There was a time when people would read the newspapers in the good faith that what they were reading was a trustworthy reporting of the facts. With the rise of social media and ‘fake’ news, it is becoming harder and harder to be able to distinguish between what is real and fake news, between what is truth and what isn’t. So, when you read an article or news story online or in the paper, how do you tell if it is real, fake, or merely one person’s perspective of the truth to try to influence the reader’s opinion?
It would be easy for us to read John 20:30,31 and think this is an editorial spin or even fake news. John says that he wrote down the ‘miraculous signs’ of Jesus ‘so that you may continue to believe that Jesus is the Messiah, the Son of God, and that by believing in him you will have life by the power of his name’ (John 20:31 NLT).

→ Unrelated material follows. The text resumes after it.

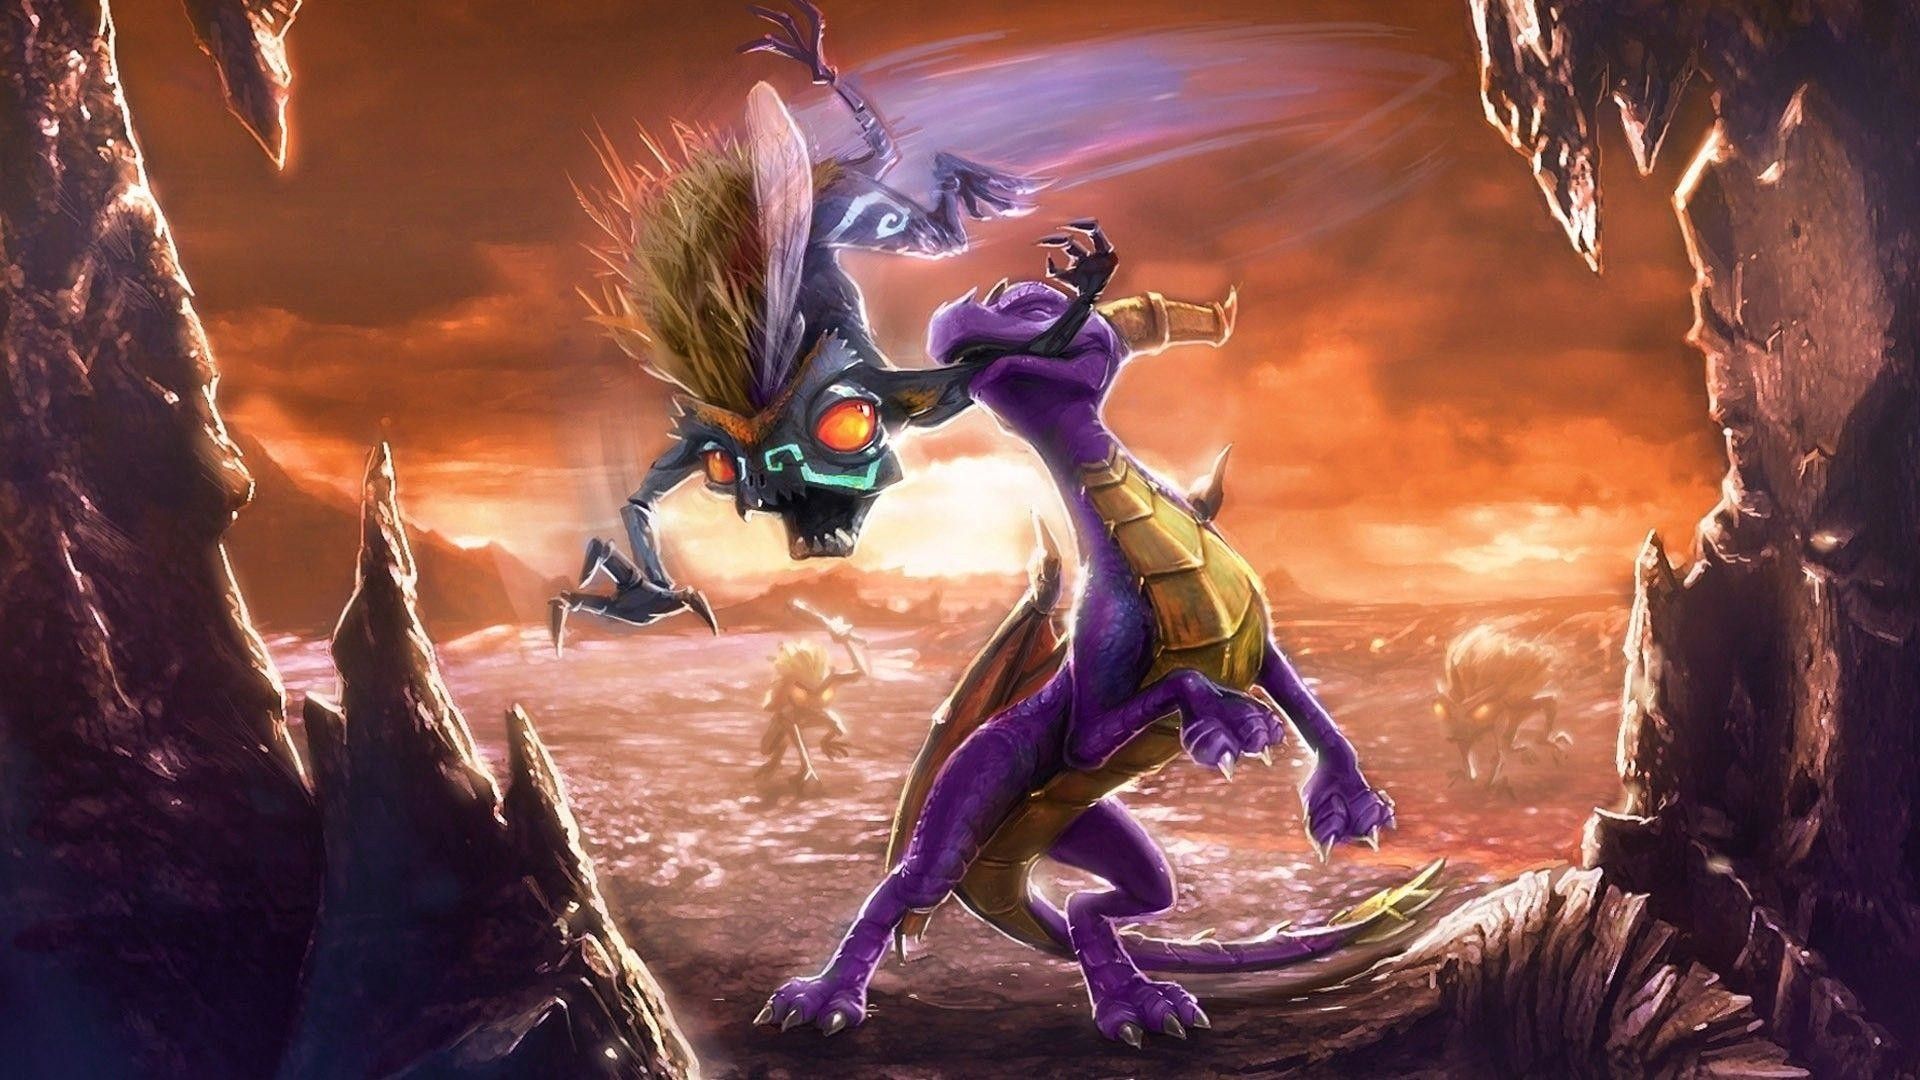 Spyro the Dragon Wallpaper

This is an extraordinary promise. John is saying that his reason for writing his gospel wasn’t so he could have a number 1 on the Jerusalem Time bestseller list. Neither did he write his gospel to justify Jesus after he had died a criminal’s death. John’s intention wasn’t to con anyone or use Jesus’ story to fund a multi-million-dollar megachurch. John states clearly that he recorded what Jesus did so that future readers could hear about the signs which pointed to Jesus being the Messiah who had been promised throughout the Old Testament. By hearing about what Jesus did, John’s hope was that his readers would put their faith in Jesus, and through that faith find the life that Jesus came to give us.
It is important to hear the connection John makes between the Word of God, faith in that Word and the life that God gives through that faith. In the opening verses of his gospel, John identified the Word of God with the person Jesus. The words he was writing point us to the eternal Word of God who became human in the person of Jesus. The Holy Spirit uses this Word to create, sustain and grow faith in the people who listen to it. That’s why it’s so important to be connected with God’s Word, as Jesus teaches with the analogy of the vine and the branch in John 15:1-17. We can only trust God’s promises when we are listening to his promises in his Word.
This faith which the Holy Spirit gives and grows through God’s Word results in a new kind of life in us. The New Testament gives us pictures of what this life is like. We might think of it as life which will last forever in heaven, but it is much more than that because it shapes the lives we are living now. It is life lived in full relationship with God, knowing him as our loving heavenly Father. It is a life in which we can know God and be fully known by God. It is a life that is defined by and overflowing with unconditional love. It is a life in which our identity, belonging and purpose are all defined by and lived in Jesus’ grace and love. Yes, this is a life to be lived forever in heaven but it is also a life to the full (John 10:10) which we can live now in faith, hope and love (1 Corinthians 13:13).
All of which might make John’s promise to us of life lived through faith in the Word sound like an editorial exaggeration, or even fake news. So how do we know? How do we know that what John is saying is trustworthy or not?
Sometimes, the only way to find out is to give it a try. I’m not talking about using intellectual arguments to try to convince anyone of the historical accuracy of the stories of Jesus’ death and resurrection. Instead, I’m talking about verifying the validity of John’s claims by giving a life of faith a go and seeing if it makes a difference. Jesus didn’t come to just give us new information. He came to lead us into a new way of living, a way that is about trusting him and loving others. One way or another, every New Testament writer points us to this way – loving God and loving others (Matthew 22:34-40; Mark 12:28-34; Luke 10:25-28), loving one another like Jesus has loved us (John 13:34, 15:12,17), living in faith and love (Galatians 5:6), or showing our faith through our works (James 2:18). It’s all pointing us to the way of Jesus using different language.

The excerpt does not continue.